After adding __restrict__ and -O3 -mavx2, GCC generates something like:

.loop:
    vmovups ymm0, [rsi + rax*4]
    vaddps  ymm0, ymm0, [rdx + rax*4]
    vmovups [rdi + rax*4], ymm0
    add     rax, 8
    cmp     rax, rcx
    jb      .loop

Why does GCC use VMOVUPS instead of VMOVAPS? Under what conditions would GCC use VMOVAPS?

Exercise 15.19 — SIMD Data Layout Conversion

A program stores RGB pixels as a struct array (AoS):

struct Pixel { uint8_t r, g, b, a; };  // 4 bytes per pixel
Pixel image[WIDTH * HEIGHT];

To apply a SIMD operation to just the red channel, you need to gather the r bytes from every 4th byte.

Describe the challenge of processing this data with SIMD instructions.
The alternative layout (SoA) stores: r[n], g[n], b[n], a[n] as separate arrays. Show how MOVDQU loads 16 red bytes at once with SoA.
If you cannot change the data layout, PSHUFB (byte shuffle) can extract and pack bytes from a 16-byte register. Write pseudocode for extracting 4 red bytes from 16 bytes of AoS pixel data.
For the grayscale formula Y = 0.299R + 0.587G + 0.114*B: why is integer arithmetic preferred over floating-point for byte images?

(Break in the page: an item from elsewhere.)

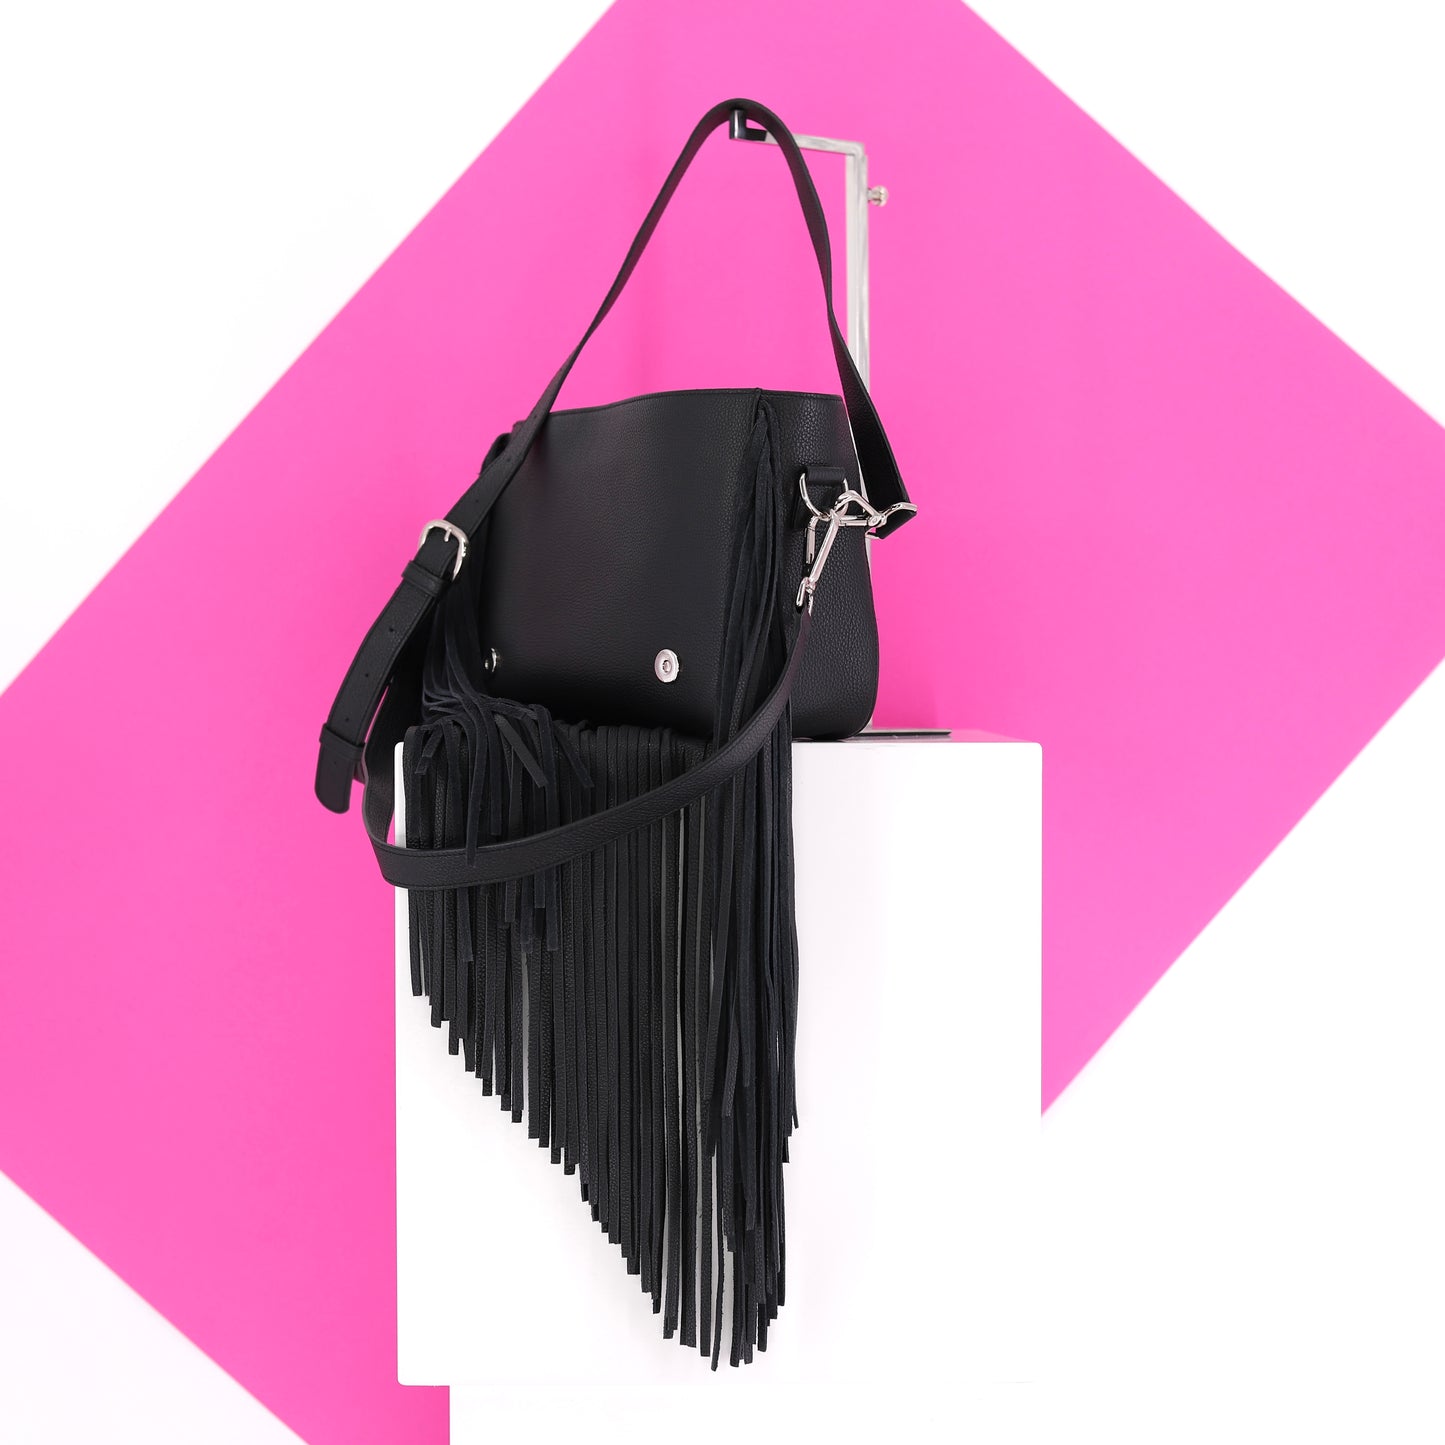 GABRIELLE Handtasche mit Fransen aus Leder in schwarz medium

Exercise 15.20 — Security: Constant-Time AES

AES-NI instructions are specifically designed to be constant-time — their execution time does not depend on the key or data values.

Explain why table-based (T-table) software AES is vulnerable to cache-timing attacks. What information leaks through cache access patterns?
The following is a simplified software AES SubBytes step: c uint8_t sbox_lookup(uint8_t byte) { return sbox[byte]; // table lookup } How does this leak the key material to a timing attacker?
AESENC eliminates this attack. Explain why: what property of the instruction prevents timing side channels?
A system uses AES-NI for encryption but then does: c if (key[0] == 0) handle_zero_key(); Does this reintroduce a timing channel? What type of vulnerability is this?
Name one other x86-64 instruction (outside of AES-NI) that is specified to run in constant time regardless of inputs, and explain its security relevance.